Methods: We conducted a systematic scoping review, following the PRISMA Extension for Scoping Reviews. We searched PubMed to identify articles that used the RE-AIM framework to evaluate health disparities, excluding Non-English articles, review articles, articles that did not apply the RE-AIM framework, and those that did not evaluate health disparities. We also conducted a citation review of all included studies and relevant protocols and review articles. We extracted data from each eligible article to determine: (i) which RE-AIM domains were evaluated, and (ii) which population characteristics were assessed for differences in intervention uptake. Studies were grouped based on the inclusion of children < 18 years of age as well as NIH-defined populations that experience health disparities: sex/gender minorities, race/ethnicity minorities, low socioeconomic status, and those in underserved rural communities. This research was completed before the addition those with disabilities, a fifth NIH-defined population.

Results: Of 25 eligible studies (Table 2), all evaluated intervention Reach (100%), 9 evaluated Effectiveness (36%), 8 evaluated Adoption (32%), 7 evaluated Implementation (28%), and 2 evaluated Maintenance (8%, Table 1). While the majority of the eligible studies (18, 72%) evaluated for disparities in >1 RE-AIM domains, only 1 study evaluated all 5 RE-AIM domains. Six studies (24%) included children and 3 of these examined differences in Reach based on age. 23 (92%) studies looked at differences based on sex and/or gender, 20 (80%) analyzed race and/or ethnicity, 17 (68%) assessed socioeconomic status indicators, and 3 (12%) analyzed urban-rural differences. Twenty-five studies (100%) examined differences in other clinical or demographic characteristics.

Conclusions: The RE-AIM framework provides an opportunity to evaluate disparities in research and quality improvement initiatives. In studies conducted to date, the domains of Effectiveness, Adoption, Implementation, and Maintenance are under-represented compared to Reach, suggesting that the RE-AIM framework is not being used to its full potential. Additional pediatric-focused research applying this framework to examine disparities in intervention delivery is needed to prevent generalization of adult-focused interventions to children. Overall, this application of RE-AIM may serve to improve health equity in research and quality improvement.

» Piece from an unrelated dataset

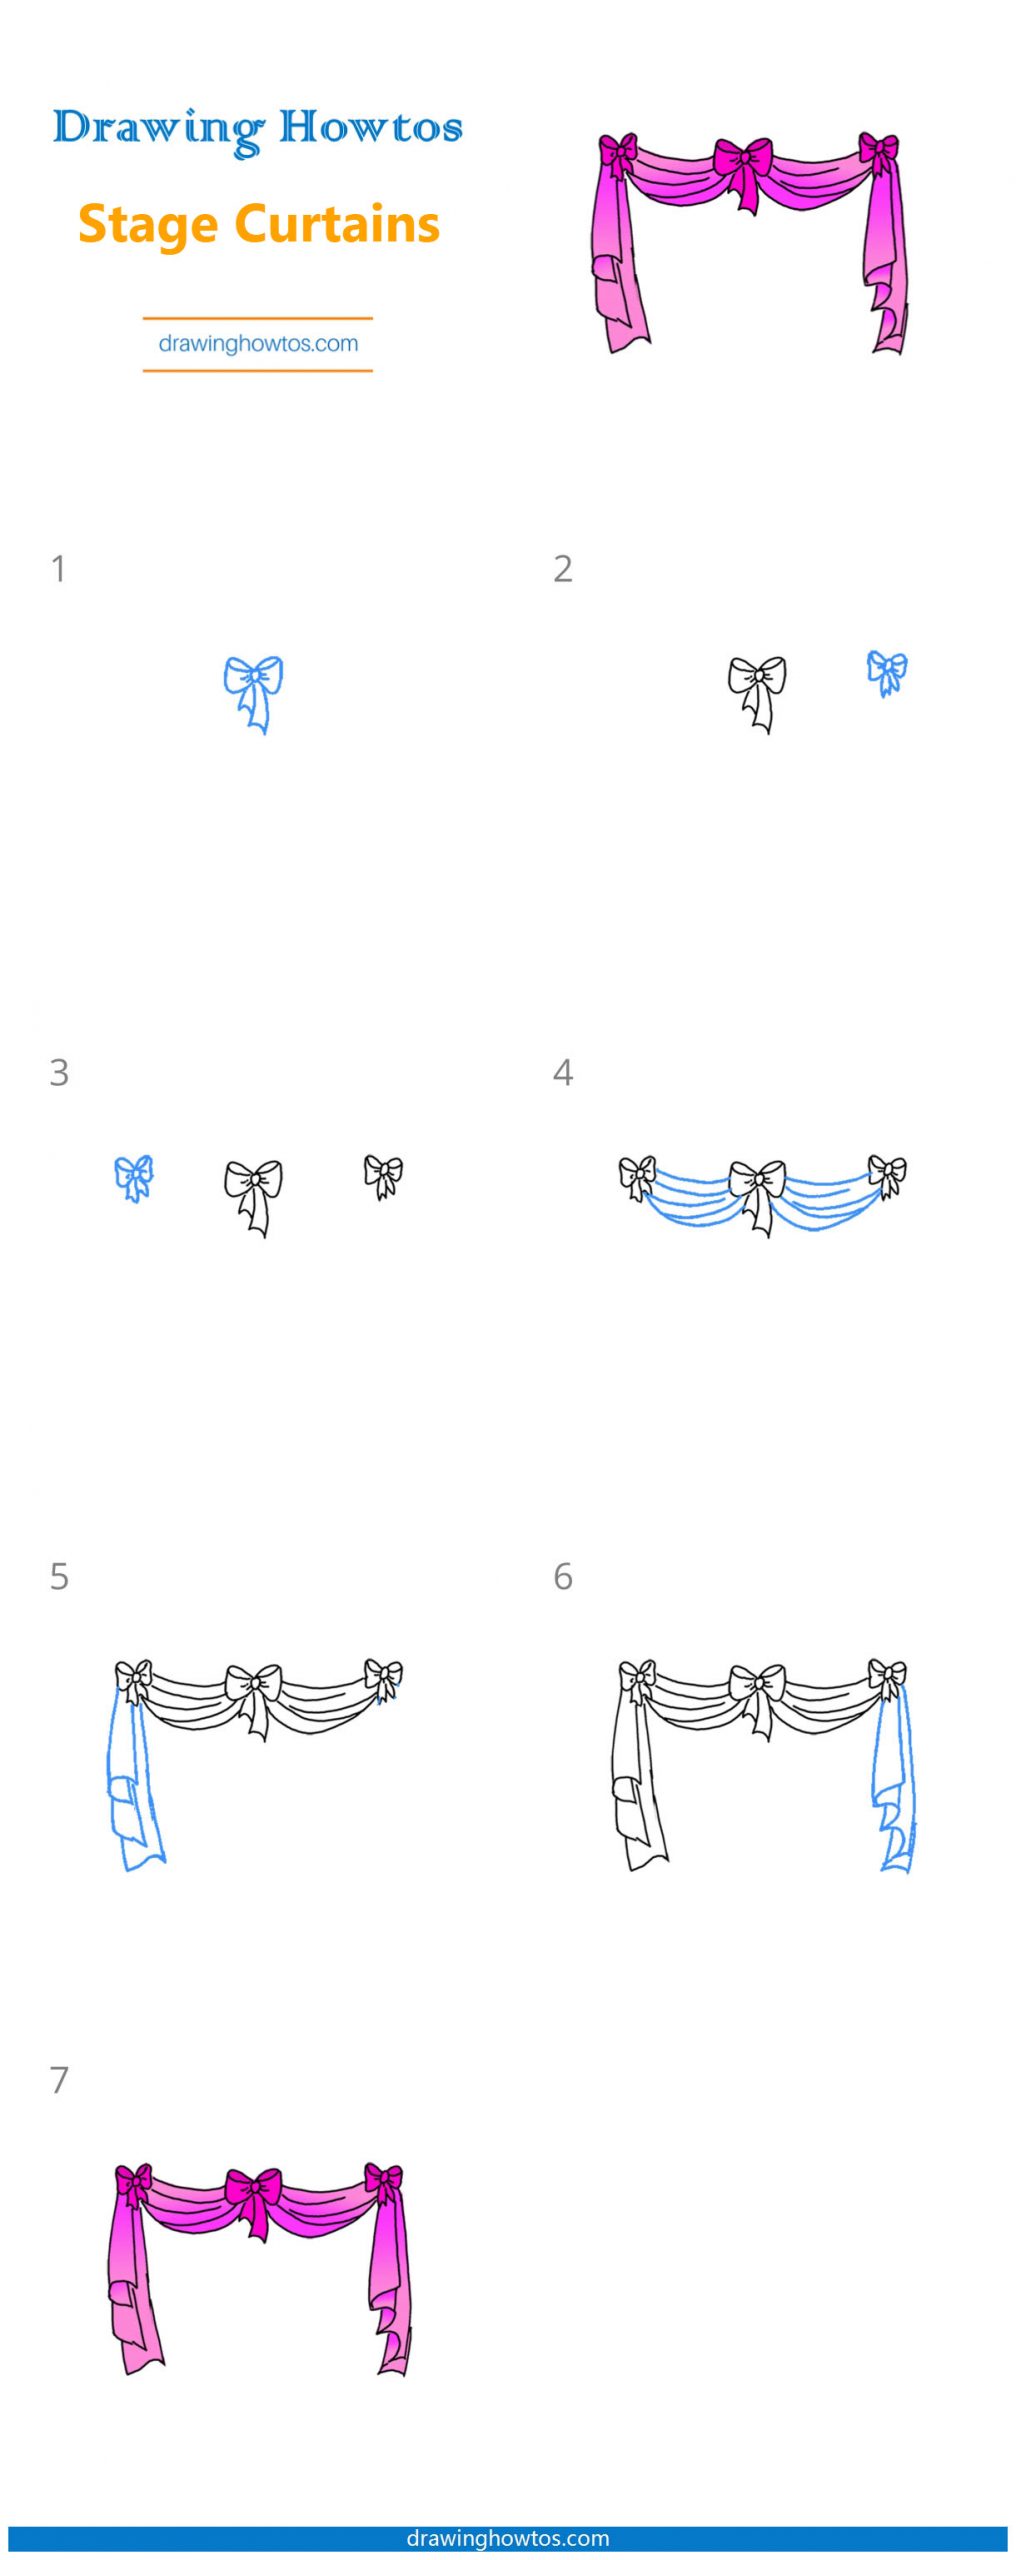 How to Draw Stage Curtains Step by Step

IMAGE 1: Table 1: Summary of RE-AIM domains and study population characteristics assessing disparities in intervention uptake. *Socioeconomic status indicators included income level, education level, and health insurance status **Other includes clinical characteristics (e.g. BMI, HgA1C, blood pressure), and other demographic characteristics (e.g., marital status)

IMAGE 2: Table 2: Summary of studies included in scoping review.